Hope is not the same as optimism.

It is easy to look around our world and conclude that we have lost hope.  You don’t even have to look at the entire world.  Just look at our little corner of the planet.  Our nation is tremendously divided.  We’ve always debated with one another about politics, but never this vociferously.  Both sides of the aisle say the nastiest thing about one another.  We are also divided on social issues: be it the environment, LGBT rights, immigration, gun control, abortion.  In fact, I can’t think of an issue that has not torn us from one another.  The COVID-19 has us talking sides.  Is this the worst pandemic since the Spanish Flu of 1918 or is it much ado about nothing?  And then, we have the racial divide that has gripped this nation.  Last week at the gathering held outside the Canton Town Hall, one of the students who spoke said, “It’s 2020 — and I can’t believe that we still have to have gatherings such as this.”  These were my thoughts exactly.  The Civil Rights Movement occurred over 50 years ago — half a century — and racism is still an issue.  If we’ve taken two steps forward, it seems as if we’ve taken the same number backwards — maybe more.

Hope inspires us to get up and take another step forward, no matter how hard it is.  An optimist is the person who sits back and believes that life will get better on its own, or someone else will improve things.  Hope is what enables you to stand back up.  It’s exactly what Rocky said.

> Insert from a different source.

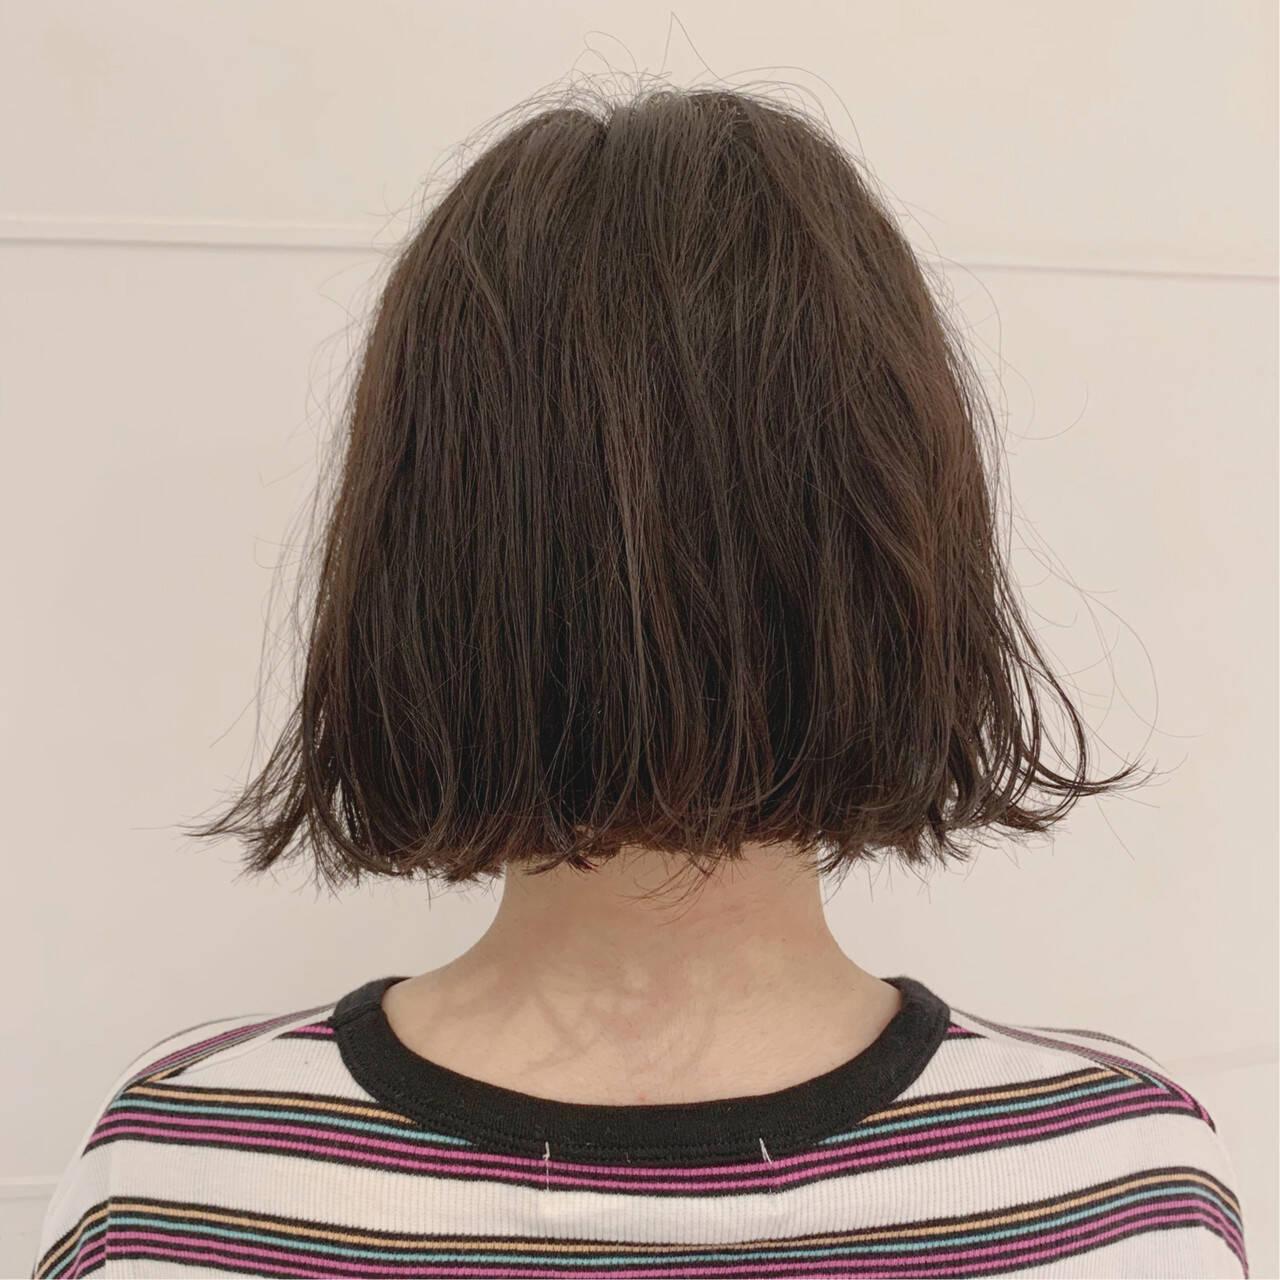 ショートバング 外ハネボブ くせ毛風 パーマヘアスタイルや髪型の写真・画像

This might be a first.  I quote T.S. Eliot, Immanuel Kant, Karl Barth, and now…Sylvester Stallone.  I’ll admit it: I love the Rocky movies.  I love boxing.  I never could explain why, until I saw the sixth and last film in the Rocky franchise.  Rocky, who is much older and owns a restaurant, decides to give it one more try.  His adult son comes to see him and talk him out of it, because he (the son) is embarrassed by his has-been Dad trying to prove himself.  “Let me tell you something you already know,” he says, “The world ain’t all sunshine and rainbows.”  (Terrible line, I’ll admit it.)  “It’s a very mean and nasty place and I don’t care how tough you are it will beat you to your knees and keep you there permanently if you let it.  You, me, nobody is gonna hit as hard as life!  But it ain’t about how hard you can hit.  It’s about how hard you can get hit and keep movin’ forward, how much you can take…and keep movin’ forward.  That’s how winning is done!”

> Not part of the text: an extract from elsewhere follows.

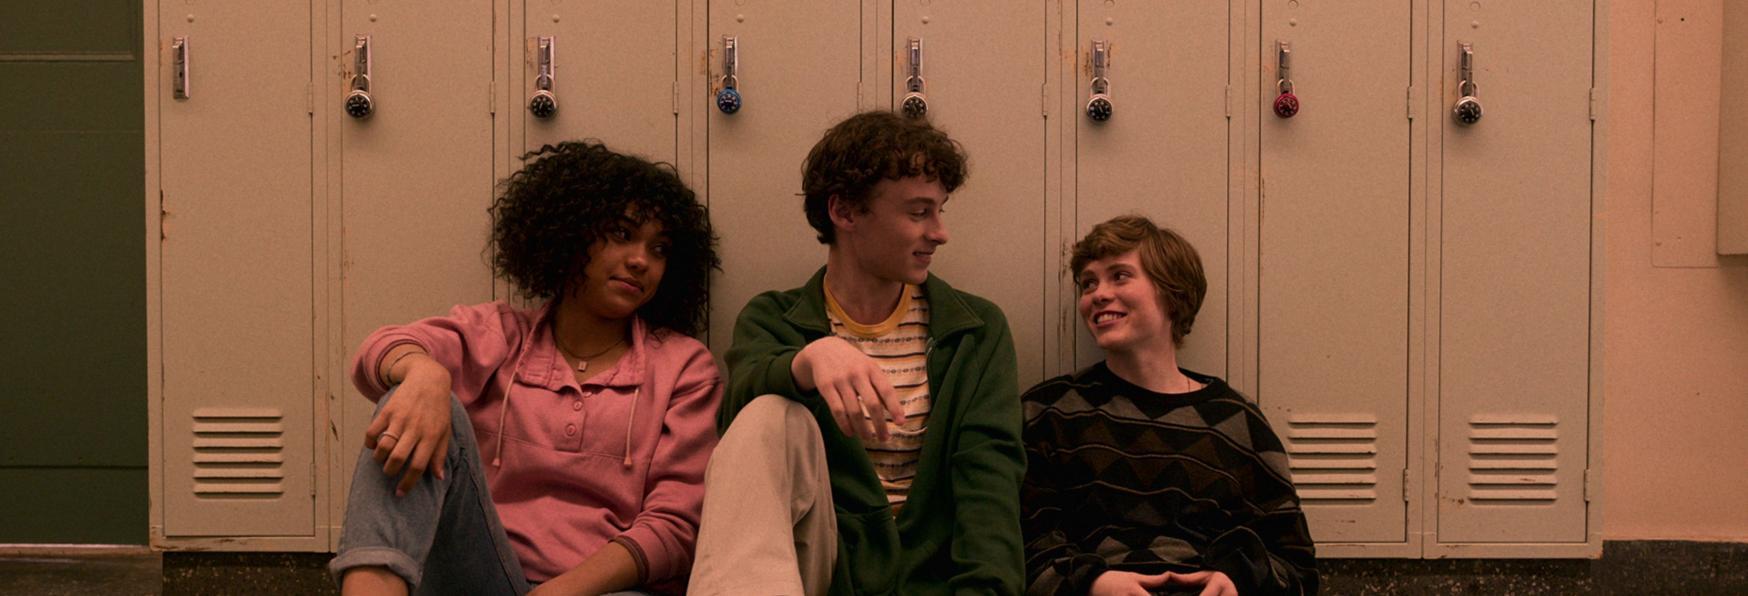 I Am Not Okay With This: tutte le Informazioni Note sulla nuova Serie TV Netflix

Never in my life did I think I would quote Sylvester Stallone in a sermon, but listen to what these lines say.  Life does knock us down, and hope gives us the ability to stand up again.  That hope comes to us from God, revealed in his Word.  Psalm 130:5 makes it clear: “I wait for the Lord, my whole being waits, and in his word I put my hope.”

The perseverance that comes from suffering and, in turn, helps develop our character is what makes us deeper people.  It enables us to be more compassionate, to empathize with others, to look at life realistically, not through rose-colored glasses.  Having survived, it also gives us hope: hope that no matter what, our God will see us through.  That hope doesn’t also mean that everything will be alright.  Sometimes it won’t be.  However, hope tells us that no matter how things turn out, we are not alone: God will be with us to guide us through the thicket.

I often laugh when nonbelievers say to Christians who are in the midst of suffering, “At least you have your faith to see you through.”  I laugh, because they seem to be saying, “Your faith makes you see things in a happy, optimistic, positive way.”  On the other hand, I don’t laugh, because maybe the unbeliever is saying, “I wish I had what you have — the belief that you are accompanied by a higher power; the belief that you don’t have to go it alone.”  That’s what hope is my friends.

Yes, it comes by having overcome trying times, by seeing that God has already been at work in our lives.  Paul also wrote in 1 Timothy 4:10: “That is why we labor and strive, because we have put our hope in the living God, who is the Savior of all people, and especially of those who believe.”  We do believe — and we do hope, because our God is alive and present, now and forevermore.  Amen.